Any range or device value given herein may be extended or altered without losing the effect sought, as will be apparent to the skilled person.
Although the subject matter has been described in language specific to structural features and/or methodological acts, it is to be understood that the subject matter defined in the appended claims is not necessarily limited to the specific features or acts described above. Rather, the specific features and acts described above are disclosed as example forms of implementing the claims.
It will be understood that the benefits and advantages described above may relate to one embodiment or may relate to several embodiments. The embodiments are not limited to those that solve any or all of the stated problems or those that have any or all of the stated benefits and advantages. It will further be understood that reference to ‘an’ item refers to one or more of those items.
The steps of the methods described herein may be carried out in any suitable order, or simultaneously where appropriate. Additionally, individual blocks may be deleted from any of the methods without departing from the spirit and scope of the subject matter described herein. Aspects of any of the examples described above may be combined with aspects of any of the other examples described to form further examples without losing the effect sought.
The term ‘comprising’ is used herein to mean including the method blocks or elements identified, but that such blocks or elements do not comprise an exclusive list and a method or apparatus may contain additional blocks or elements.
The term ‘subset’ is used herein to refer to a proper subset, i.e. such that a subset is not equal to the set and necessarily excludes at least one member of the set.

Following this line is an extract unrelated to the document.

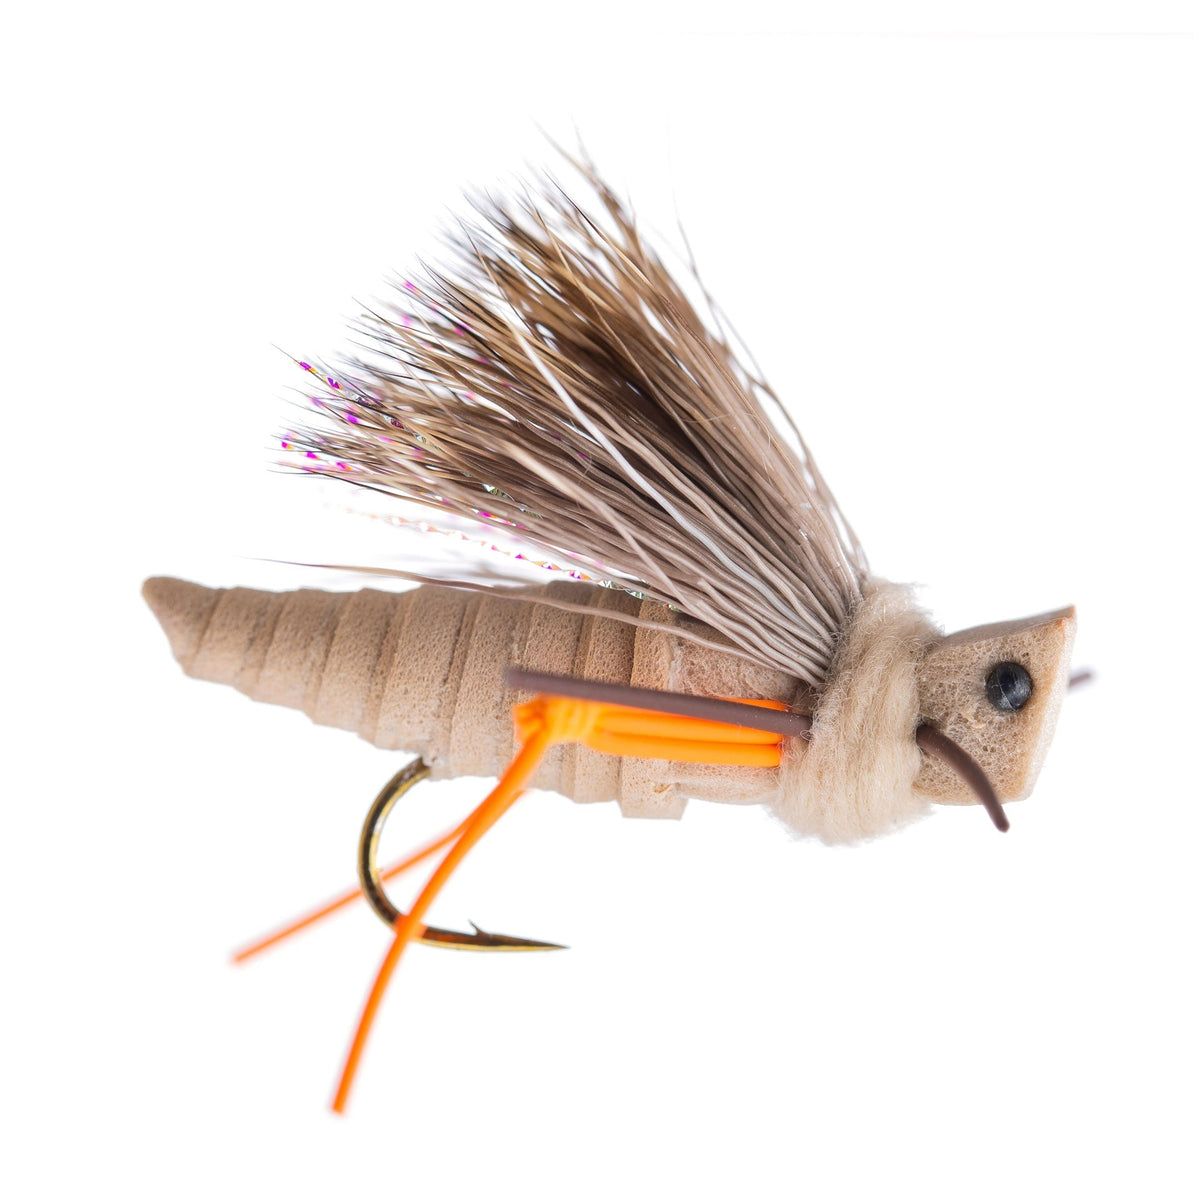  yazhida 12pcs Bionic Grasshopper Dry Fly Fishing  Flies昆虫疑似餌釣りルアーCarp Trout Muskie : Sports & Outdoors

It will be understood that the above description is given by way of example only and that various modifications may be made by those skilled in the art. The above specification, examples and data provide a complete description of the structure and use of exemplary embodiments. Although various embodiments have been described above with a certain degree of particularity, or with reference to one or more individual embodiments, those skilled in the art could make numerous alterations to the disclosed embodiments without departing from the spirit or scope of this specification.